Maybe one day. Gazprom’s bombshell announcement provoked astonishment, confusion and anger. Was it a part of the negotiation–an attempt by Russia and its powerful state-controlled company to extract more? Or yet another example of resource nationalism–”petro-arrogance,” as some put it? “The Shtokman decision is a serious blow for both Statoil and Hydro,” observes Moe. “Both Statoil and Hydro are looking at other options in Russia, but clearly they will evaluate their strategies now.”

A flummoxed Statoil issued a six-sentence press release expressing surprise, as well as an abiding commitment to a long-term presence in Russia. Executives say they are looking at other gas and oil fields there; they are still hoping, perhaps naively, that Shtokman is not completely off the table. “When you deal with the Russians, you have to be very patient,” says Øystein Noreng, a professor of petroleum economics at BI Norwegian School of Management. “The worst thing you can do is push them, because then they will react.”

Jonas Gahr Støre, Norway’s foreign minister, has made collaboration with Russia a top priority over the last two years. At the request of Statoil and Norsk Hydro he has discussed the Shtokman field with his counterpart and the energy minister in Russia and planned to do so again at a meeting in western Siberia; another get-together is planned in Moscow. A day after the Shtokman announcement Støre delivered a planned speech in Brussels, amending it in light of the news. “I continue to believe that the Norwegian experience–technologically, industrially and managerially–could benefit Russia in its quest to develop its resources in the Barents Sea,” he said, sounding like a scorned suitor still in shock.

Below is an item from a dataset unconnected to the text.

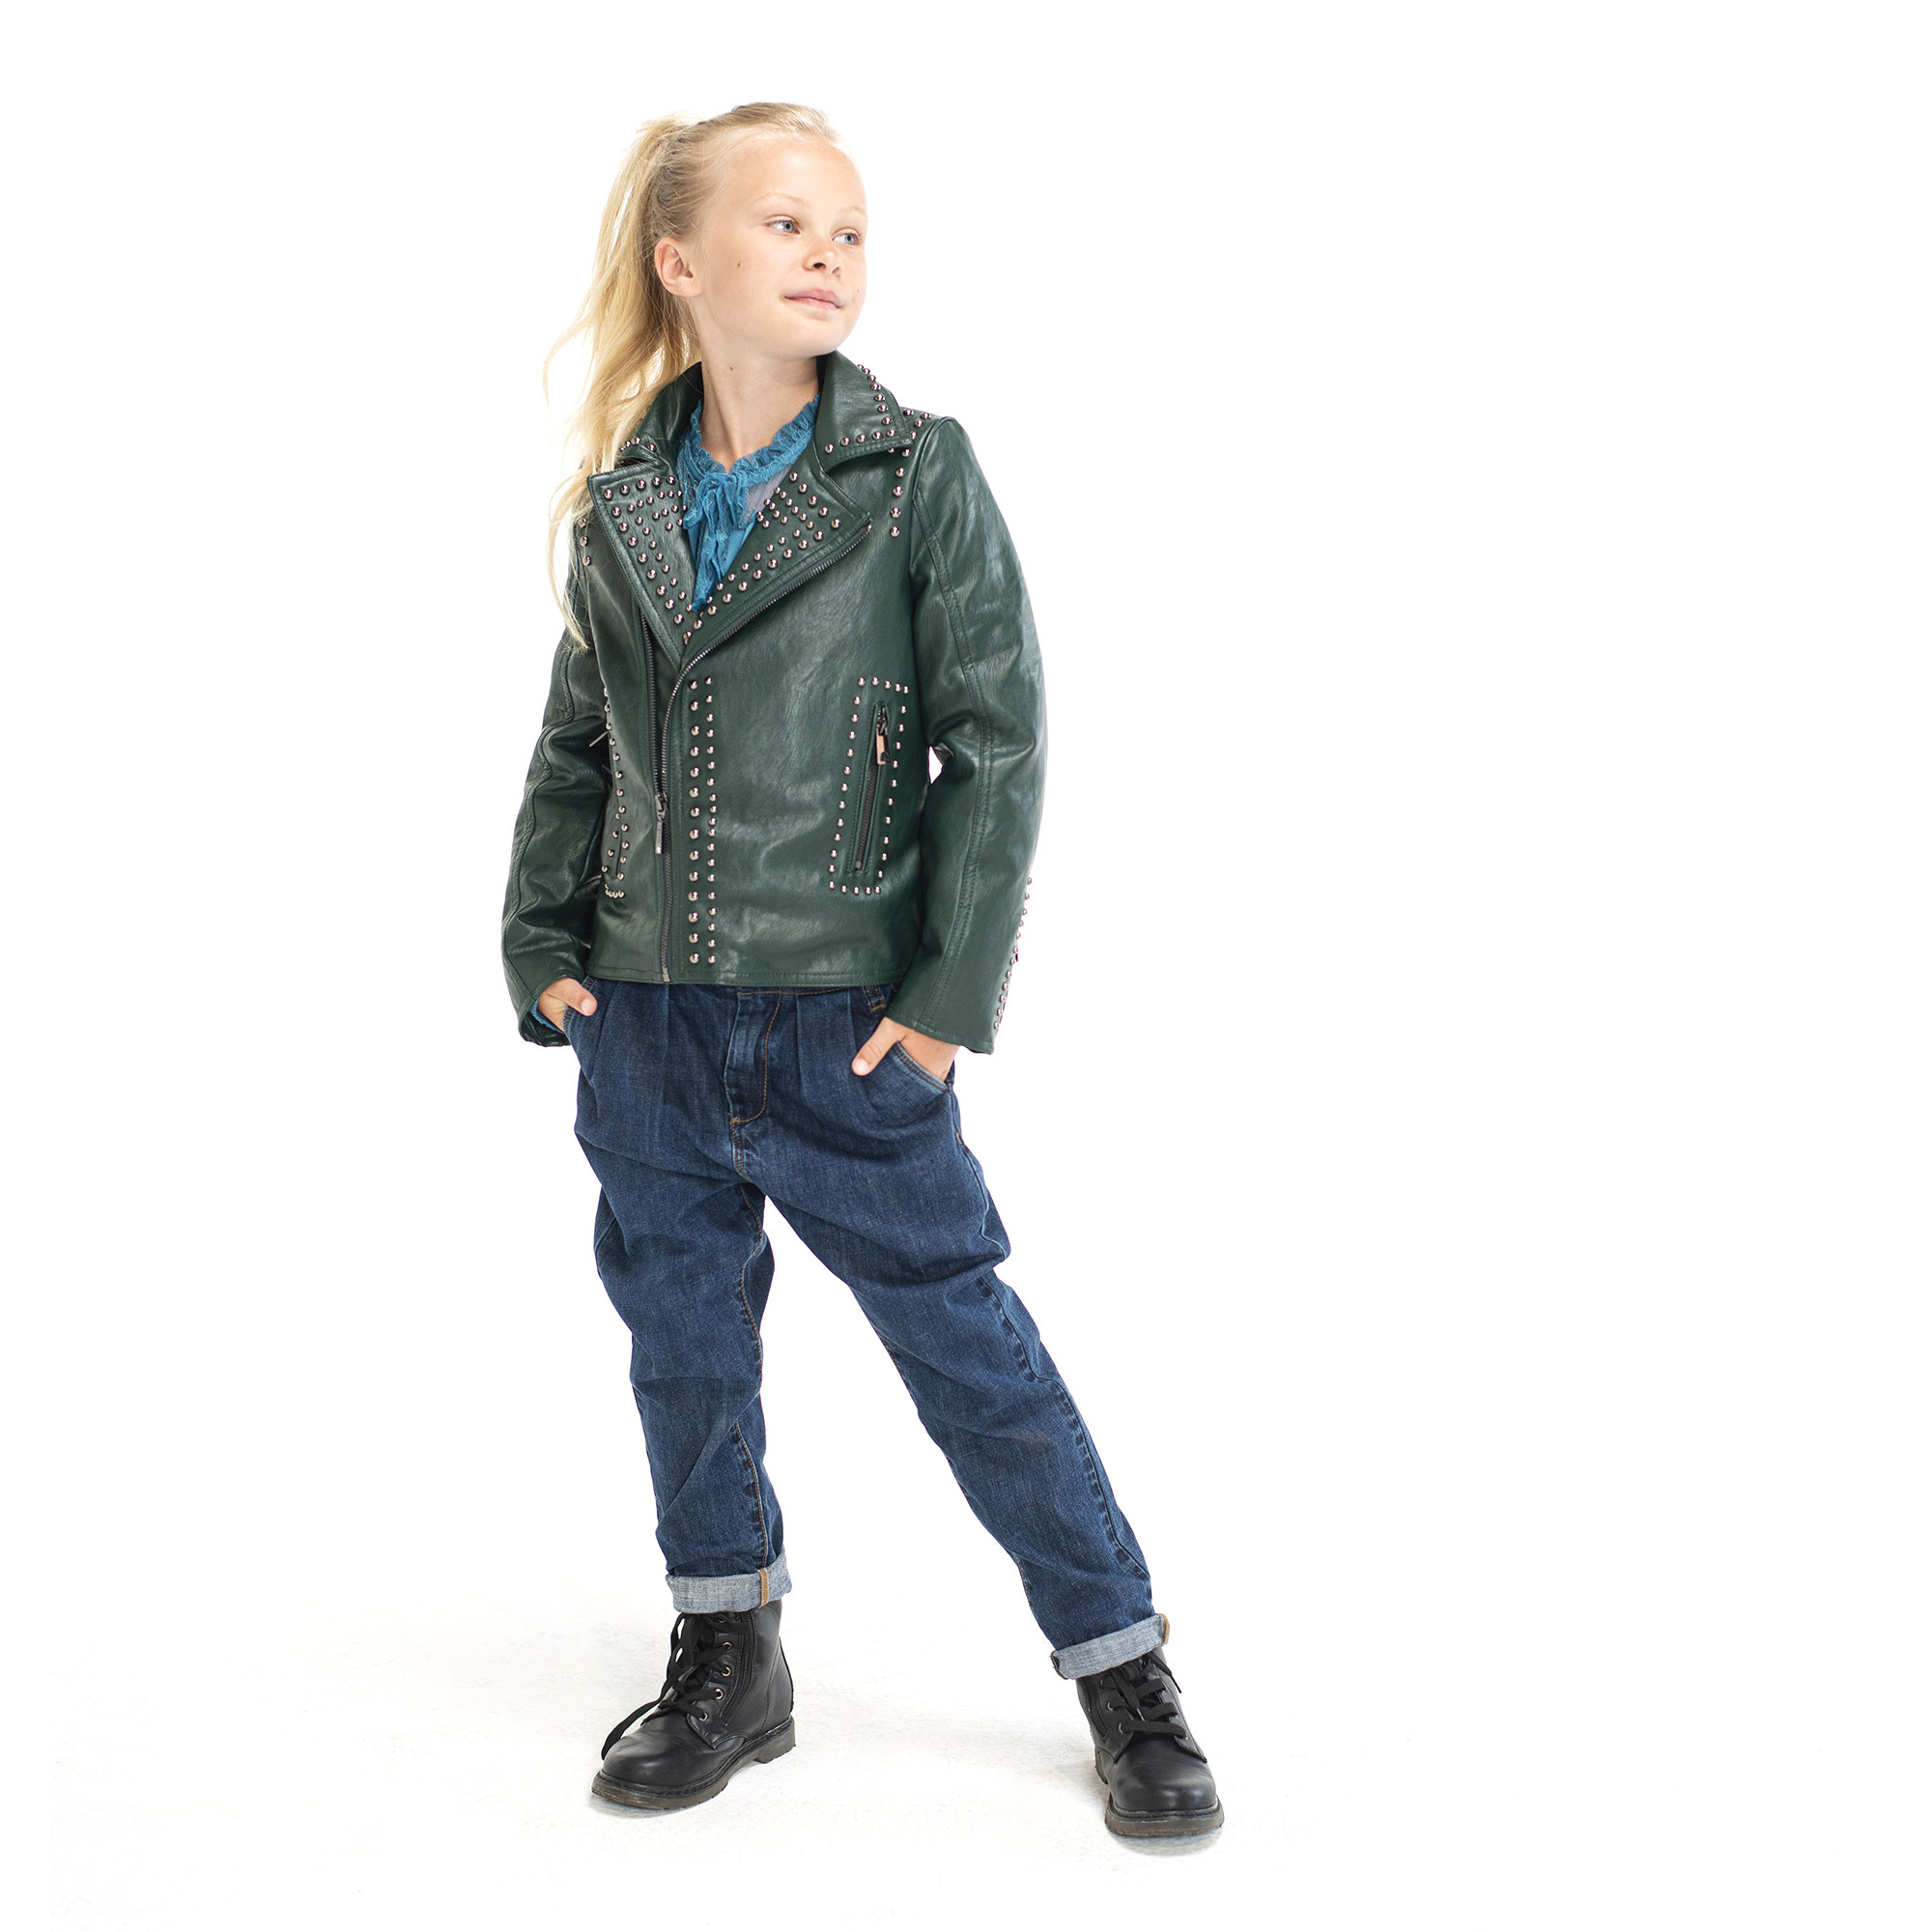 los angeles 4ad5f 713b2 Giubbotti e giacche Bambina 3-16 Anni   Nucleo Kids Shop

Meantime, back to plan B: exploring the Norwegian continental shelf and its own part of the Barents. There’s the other unpredictable beast to deal with–nature. At the plant in Snøhvit, builders installed breakwaters around Melkøya island to protect against a millennial 45-foot wave, as well as weatherproofing and insulation to withstand the 45mph winter gusts from the north and west. In January a hurricane with freezing temperatures and 100mph winds forced Statoil to evacuate 1,100 workers to the mainland. “That’s why it was so cold,” muses a Statoil executive. “Cold winds blow from Russia.”